There is a large amount of customer registration data and related data, and the current problems of insufficient depth of data analysis and low coverage of rules have resulted in the failure to intercept some of the overdue people in the risk control business. It is necessary to find out the part of the population that cannot be intercepted by the current rules, so as to minimize the loss caused by overdue.
The consumer finance company, based on big data analysis of customer relationships and customer characteristic attribute data, mines rules for identifying customers at risk of default during the performance period (0-6 months) and outputs the group of individuals who may experience overdue payments in the future.

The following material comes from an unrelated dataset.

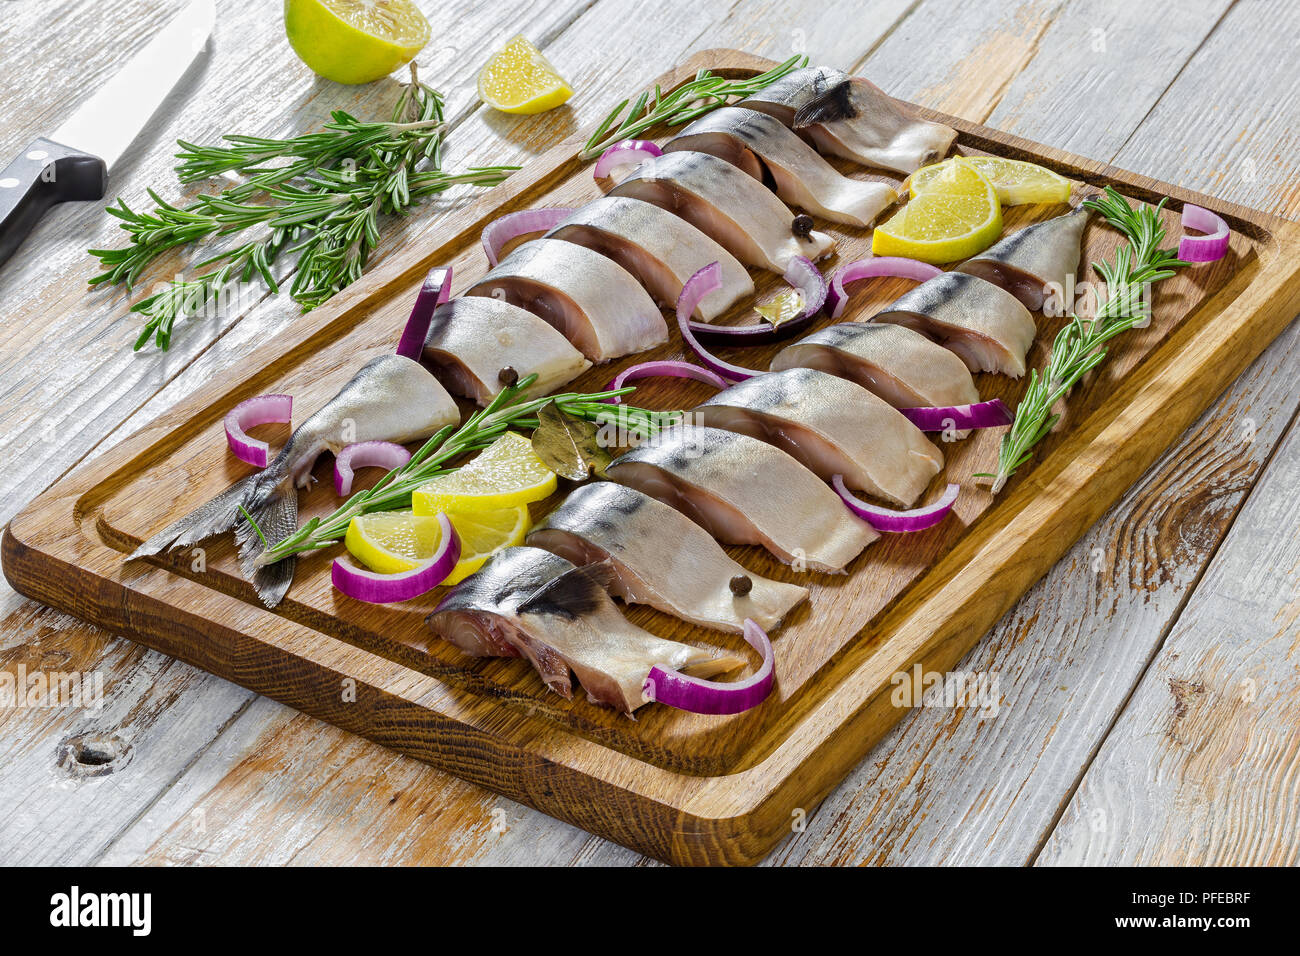 marinated Fillets of Fresh atlantic mackerel fish cut in slices on chopping board with rosemary, lemon, red onion and spices, knife and lemon pieces o Stock Photo

The Wuji Intelligent Risk Identification Solution outputs rules and crowd packs to mine risky customer segments not recognized by the existing rule pool on the basis of existing mapping rules.
Inability to detect hidden rules manually, low rule coverage, successful granting of credit by gang fraud in credit operations, resulting in financial losses.
In the context of intensification, there are cross-scenario and cross-sector characteristics, and it is difficult to manually refine the rules of risk control.
Through the automatic discovery of wind control rules and deep data mining, the coverage of rules is effectively improved, and effective rules are constantly accumulated. Discover the core personnel of gang fraud, involving 32 customers, of which 14 were successfully granted credit.
The Wuji Intelligent Risk Identification solution supports multi-source data access and builds a multi-source data topology network, which provides a more comprehensive understanding of data relationships and improves rule accuracy.
This mining found 98 high risk correct rules and the rules identified 10,384 high risk lists.
High-risk customer hit rate increased from 40% to 70%.
The Affiliate Network intercepted 85.43% of affiliated gang fraud.